Unrest piles pressure on Vietnam's Party chief

HANOI, Vietnam - The worst unrest in Vietnam for years has made for a very bad new year for Communist Party General-Secretary Le Kha Phieu.

Even before widespread protests by ethnic minority farmers in two Central Highland provinces this month, analysts had described Phieu as a man fighting for his political life.

While the protests appear to have been contained for now, they have done nothing for Phieu's reputation ahead of a key five-yearly congress of the ruling party tentatively scheduled for late March and expected to approve leadership changes.

Rumours have swirled about Phieu's fate ever since a Party Central Committee meeting last month.

It resolved that no Party members older than 65 years should be re-elected at the congress, with the exception of "key posts," but the committee's ideological chief Huu Tho added that in his opinion, no people over 70 should take such posts.

Phieu is 69 by the Western counting method and 70 by the Vietnamese, which counts age by each Lunar New Year passed.

Analysts believe the former political commissar has upset a broad spectrum of powerbrokers since becoming Party chief in 1997 -- reformers by being too conservative and conservatives by allowing too much reform.


They also point to his clumsy handling of a meeting with former U.S. President Bill Clinton in November as evidence of his remoteness from the political mood.

Instead of warming to clear popular enthusiasm towards the reconciliation thrust of the first visit by a U.S. president since the Vietnam War, Phieu used the occasion to hammer old Socialist ideals and remind Clinton of past U.S. iniquities.

"It was a horribly inept performance that I think even disappointed conservatives," one diplomat said.

Vietnam expert Carl Thayer of the Asia Pacific Centre for Security Studies in Hawaii, said the highland protests, which involved thousands of people, could tip the balance against Phieu in the leadership debate.

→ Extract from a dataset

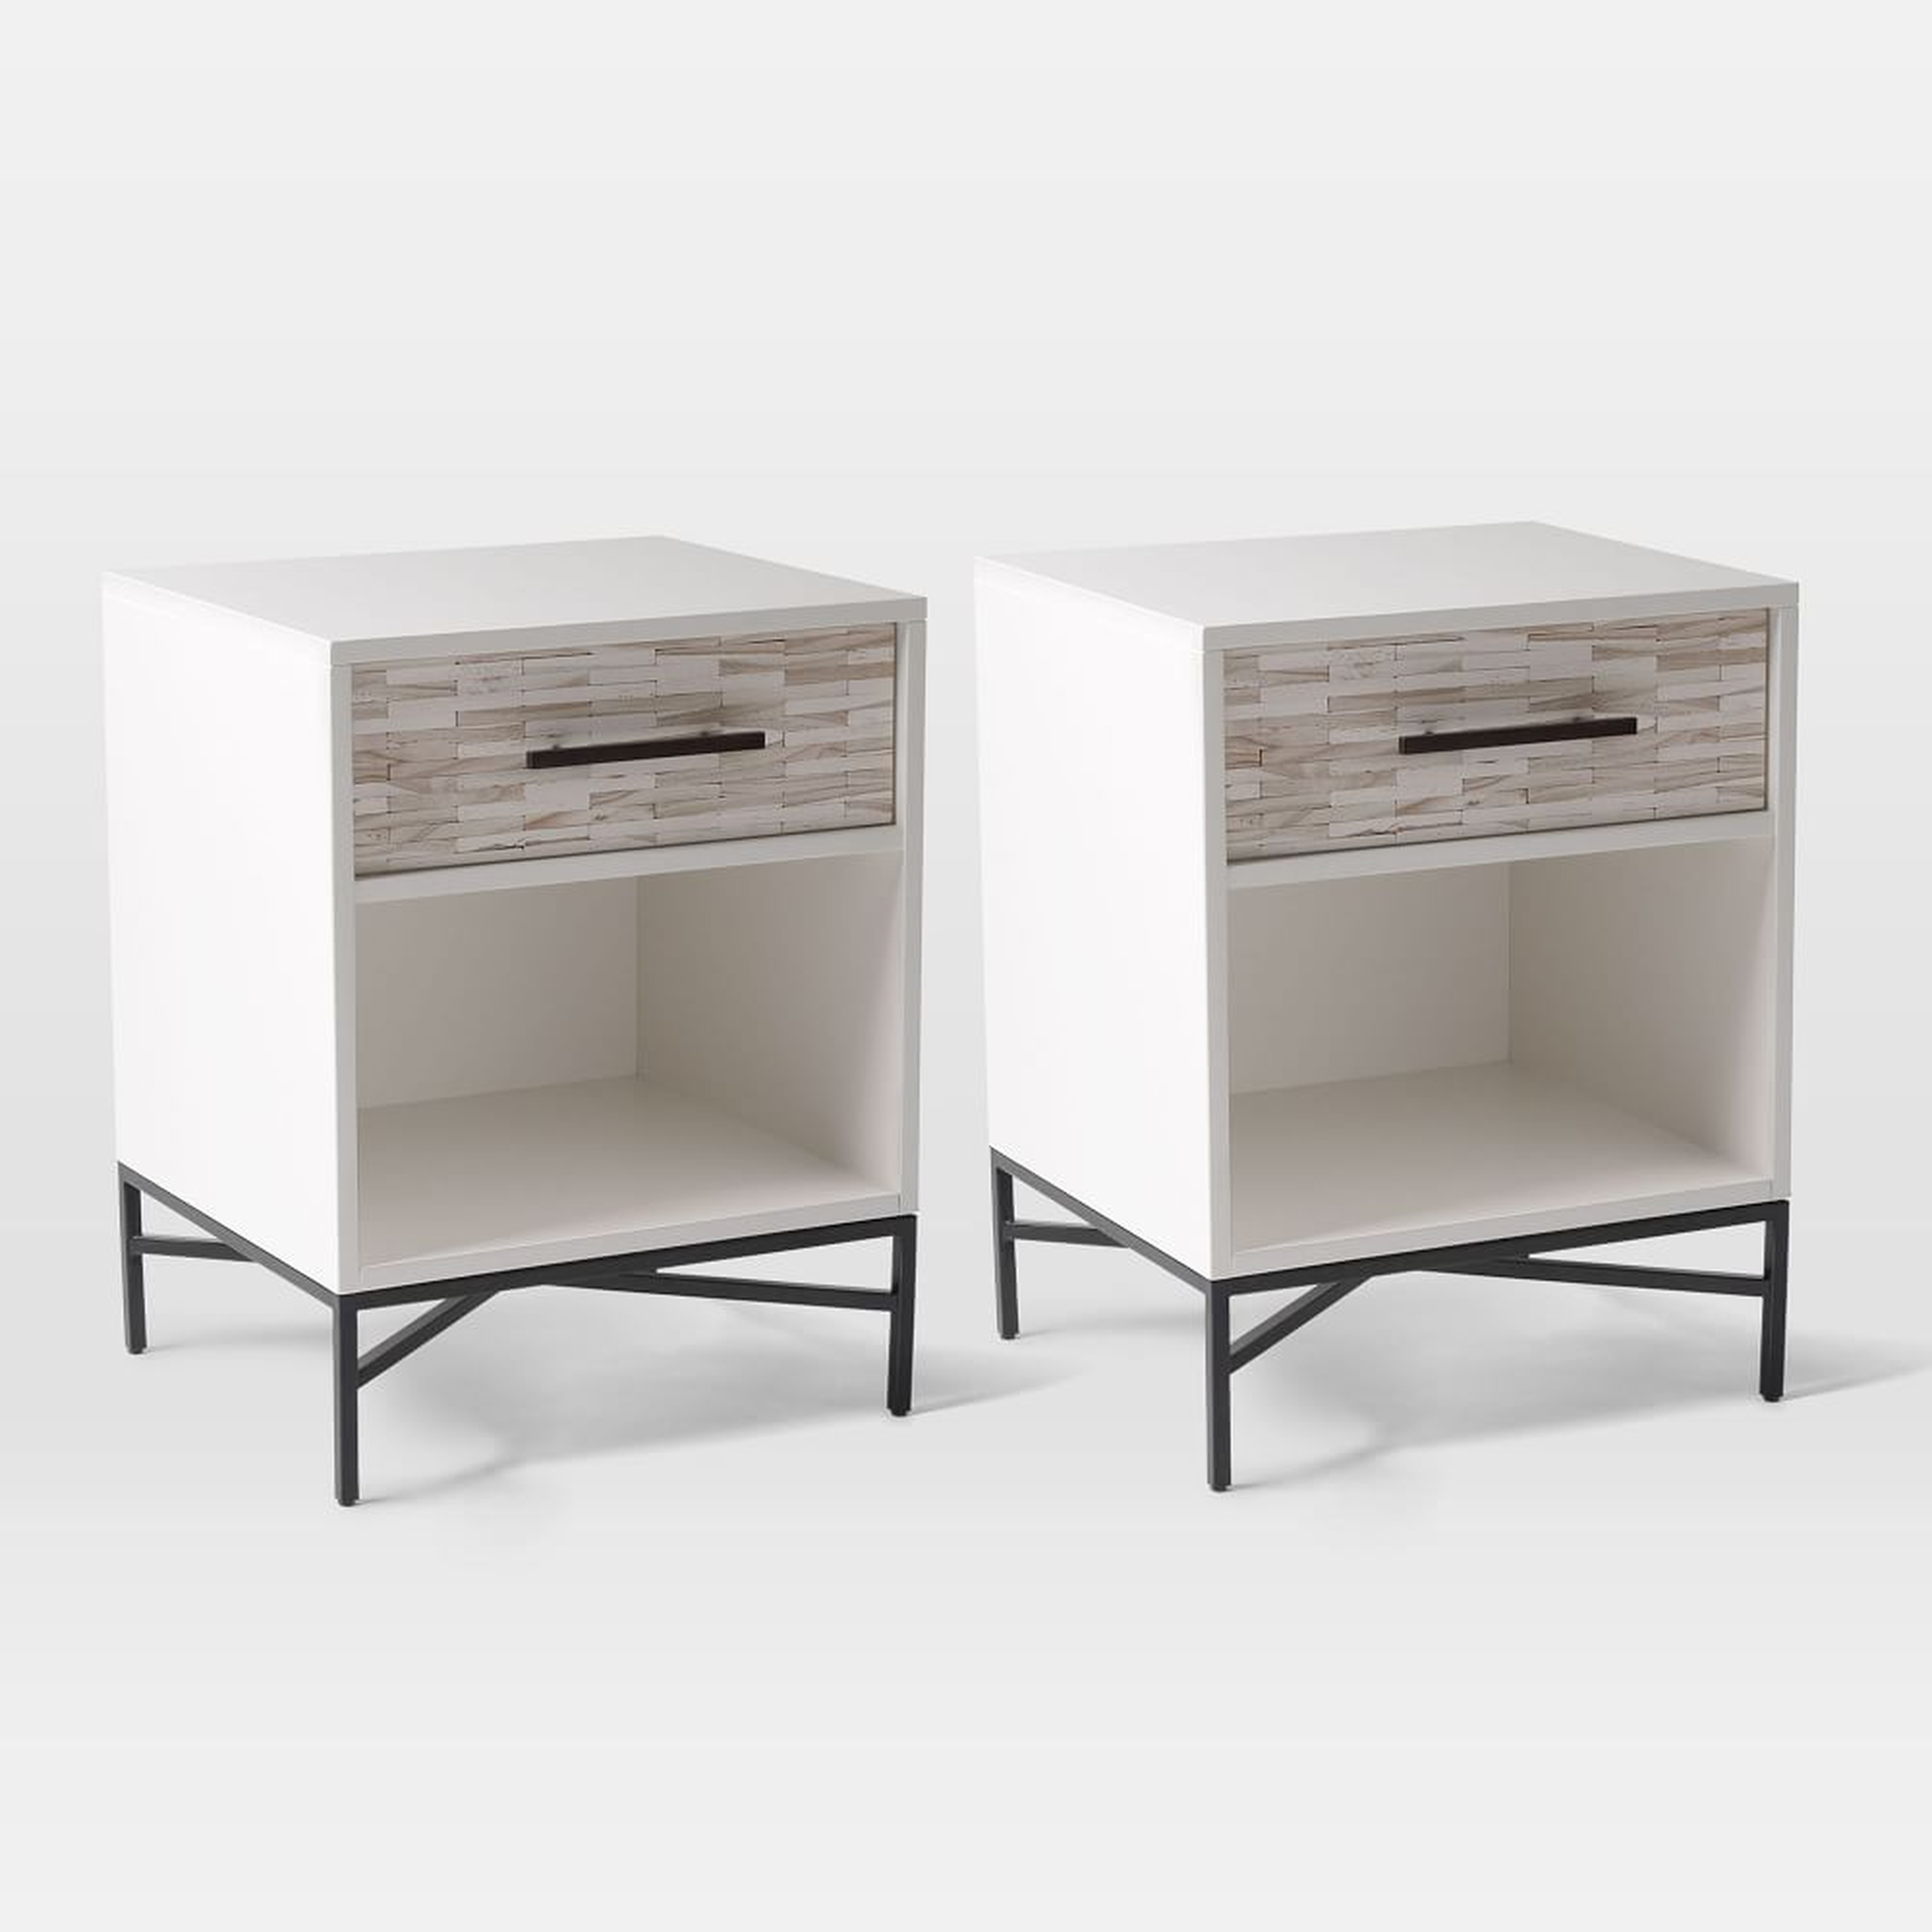 Tiled Nightstand, White, Set of 2 - West Elm

"It couldn't have come at a worse time for the secretary-general," he said.

Residents have blamed the protests on disputes over land, religion and corruption and heavy handed attempts to impose Communist Party authority.

They have come ahead of a meeting on Tuesday of the U.S. Commission on International Religious Freedom that will consider whether sanctions would help press Hanoi to improve its record.

While Phieu had appeared secure in his post until late last year and was even rumoured to be seeking to combine it with the state presidency, talk about his likely political demise has become such common currency, survival would now be a surprise.

"It's almost taken on the feeling of a self-fulfilling prophecy," said the diplomat, adding that retaining such a conservative figure now would send a negative message about Vietnam's reform process to potential foreign investors.

Vietnam has already been struggling to boost foreign investment levels to those before the Asian crisis and it has not been helped by a perception that its economic reform process has lagged behind regional competitors.

The Central Committee is to meet again on personnel changes again this month, with February 20 mentioned as a possible date, but no decisions will be announced until the congress.


Rumours have also circulated -- for nearly a year -- about the future of Prime Minister Phan Van Khai, although there has been some speculation he might stay on if Phieu were to go.

"But most people expect him to go -- they say he wants out and will retire in the next 12 months," the diplomat said.

Speculation has been rife about who might take over the two positions but no clear favourites have emerged.

Among those thought to be candidates for the Party job are current state President Tran Duc Luong, National Assembly Chairman Nong Duc Manh -- who comes from an ethnic minority family -- and Hanoi Party chief Nguyen Phu Trong. Deputy Prime Minister Nguyen Tan Dung and Party economic chief Truong Tan Sang have been talked about as prime ministerial candidates.

Many analysts have been surprised by the rapid unfolding of events in the highlands, to where soldiers and riot police had to be despatched to restore order. They have also been surprised that the tightly controlled state media has giving a relatively detailed account of the unrest.

"I can't really understand how it got so seemingly out of hand so rapidly," another diplomat said. "There has to be more to it than there seems to be. And just the fact that it's been reported is quite extraordinary."

The government says the situation is under control but highland residents have reported lingering tensions.

Diplomats do not see a possibility of the protests spilling over into more general anti-government unrest, not least because of a deep-rooted chauvinism among majority ethnic Vietnamese towards ethnic minorities, who are regarded as rude simpletons at best or dangerous barbarians at worst.

"Each group has their own beefs," said one diplomat. "You're not going to find too many Vietnamese who are going to sympathise with the minorities -- the attitude is you've got your problems and we've got ours."